Impaired STD-LTP is associated with elevated P_r in the cortical inputs to LA in Rap1 KO mice. WT (W) and KO (K) slices. A, STD-LTP protocol. B, LTP in cortical input to LA. Insets represent EPSP before (1) and after (2) induction. Calibration: 10 mV, 10 ms. C, PPR before and after LTP induction in cortical input to LA. **p < 0.01. D, CV of EPSP slopes before and after LTP induction in cortical input to LA. *p < 0.05. E, Plot of CV⁻² against percentage LTP in slices from WT mice (r = 0.647; n = 11). F, The progressive blockade of NMDA currents by MK-801 during cortical input stimulation.

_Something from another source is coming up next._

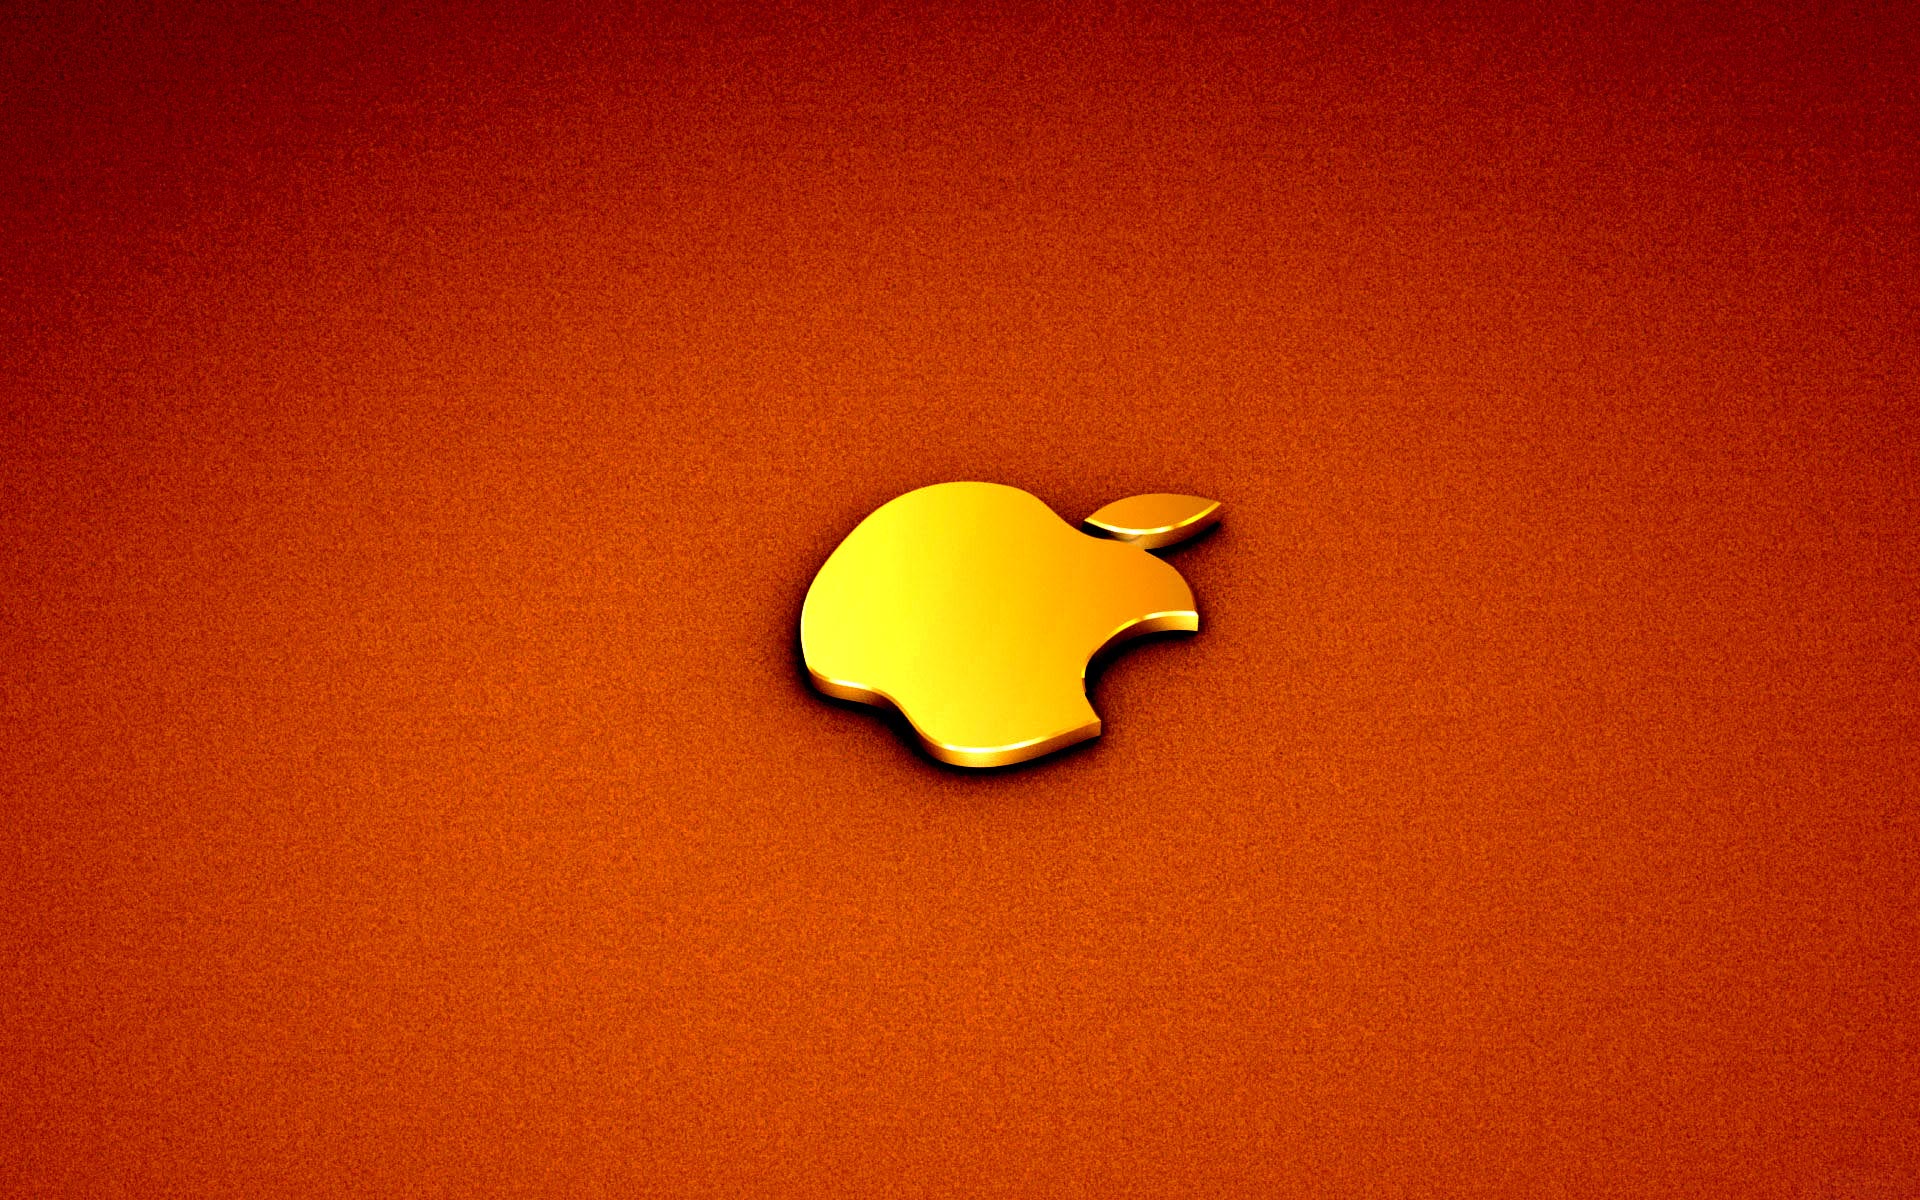 Puters Golden Apple Macbook Pro Background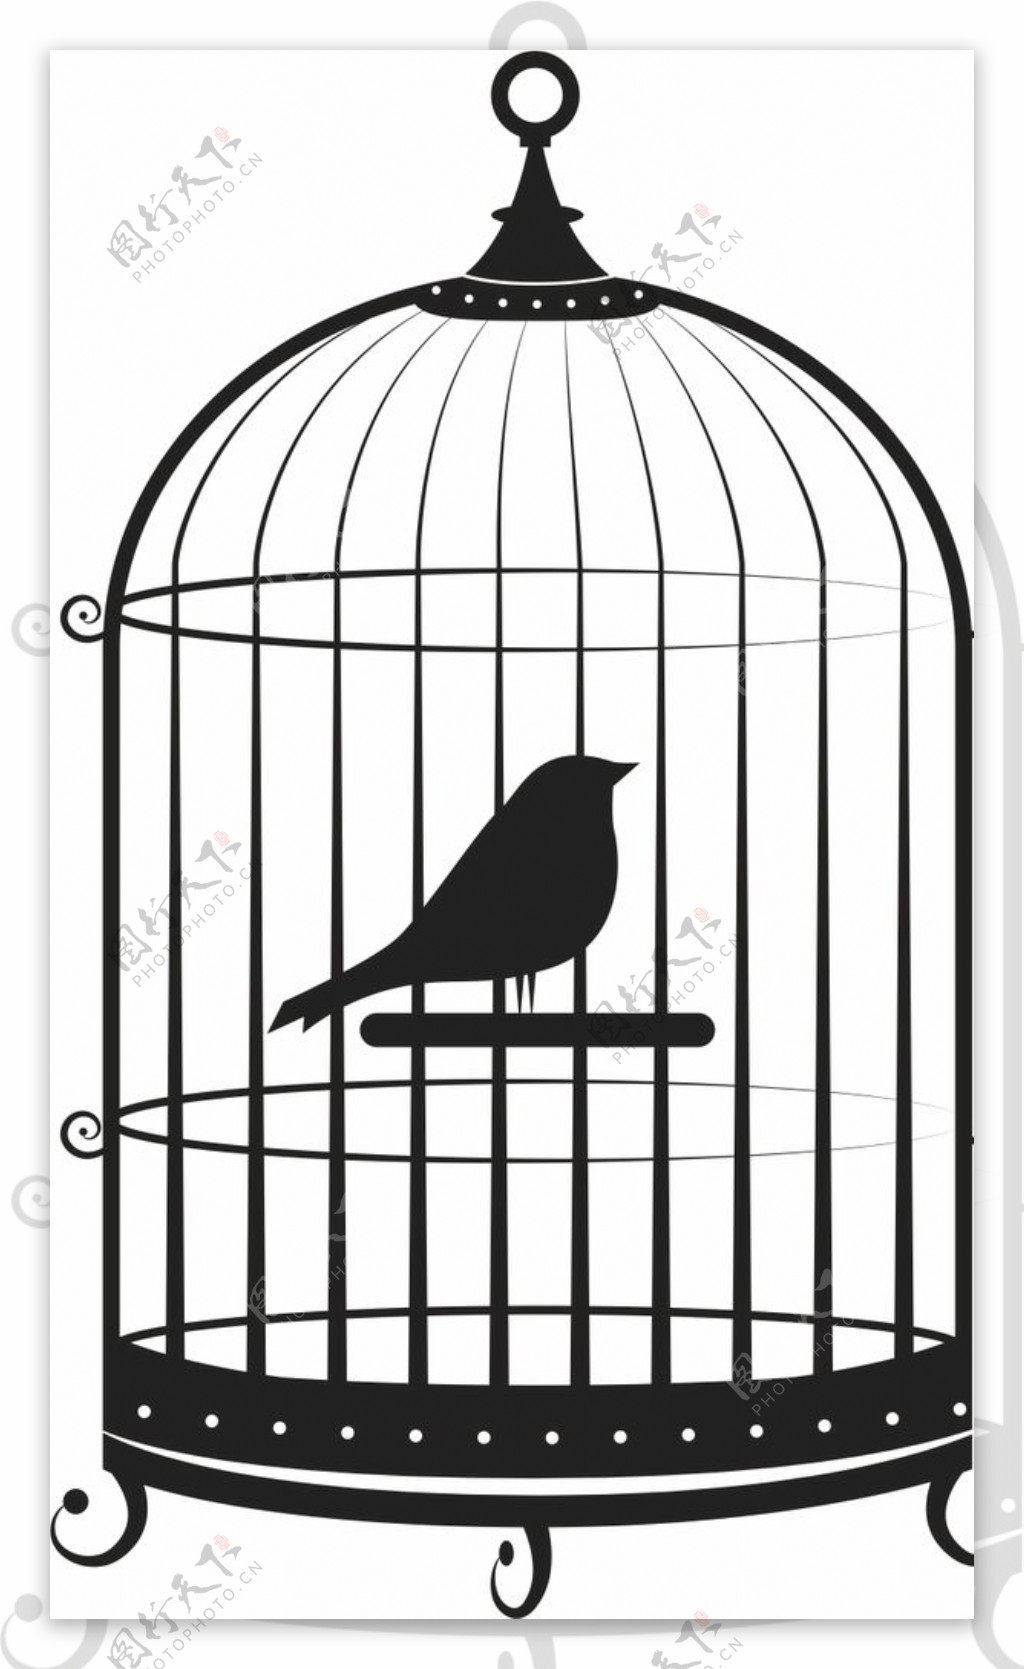 笼中鸟素材-笼中鸟图片-笼中鸟素材图片下载-觅知网

Each point represents averaged normalized currents from eight WT and seven KO neurons.

Figure 4.

Rap1 KO enhances the efficacy of cortico-LA synapses without altering their postsynaptic properties. A, Input–output curves in the cortical (C) and thalamic (T) inputs to LA. The averaged EPSP slopes are plotted as a function of stimulus intensity. B, Example of EPSCs evoked at holding potentials ranging from −70 to +50 mV at a step of 20 mV. Time points for determination of AMPAR and NMDAR currents are shown with dashed lines. C, D, Averaged current–voltage plots of the AMPAR (C) and NMDAR (D) currents in the WT (filled circles) and KO (open circles) slices. E, Cumulative distributions of the amplitudes of evoked asynchronous EPSCs from seven WT (solid line) and eight KO (dashed line) cells.

Figure 5.

Rap1 KO causes multiquantal release in the cortical input to LA. A, Examples of EPSCs evoked by minimal stimulation in the WT (W) and KO (K) neurons. Calibration: 20 pA, 5 ms. B, Averaged EPSC amplitude of successful responses to minimal stimulation. Diamonds show mean values from individual neurons, and boxes show averaged responses for each genotype. *p < 0.05. C, D, Representative traces of paired EPSCs at an interval of 50 ms before and after γ-DGG application in WT (W) and KO (K) slices. Calibration: 50 pA, 10 ms. E, Summary results showing an increase in the PPR after γ-DGG application in KO but not WT slices. *p < 0.05.

Figure 6.

Rap1 KO mice require more aversive US for fear learning. A, Conditioning with the 0.5 s US. Freezing before CS onset (pretraining), freezing during the first CS (CS1), and change in freezing (percentage CS freezing − percentage pre-CS freezing) at 3 and 48 h are shown. *p < 0.05. B, Rescue of fear learning with the 1 s US. Same abbreviations as in A. C, Pain thresholds. Thresholds of current intensities for flinching and running/jumping are shown. *p < 0.05.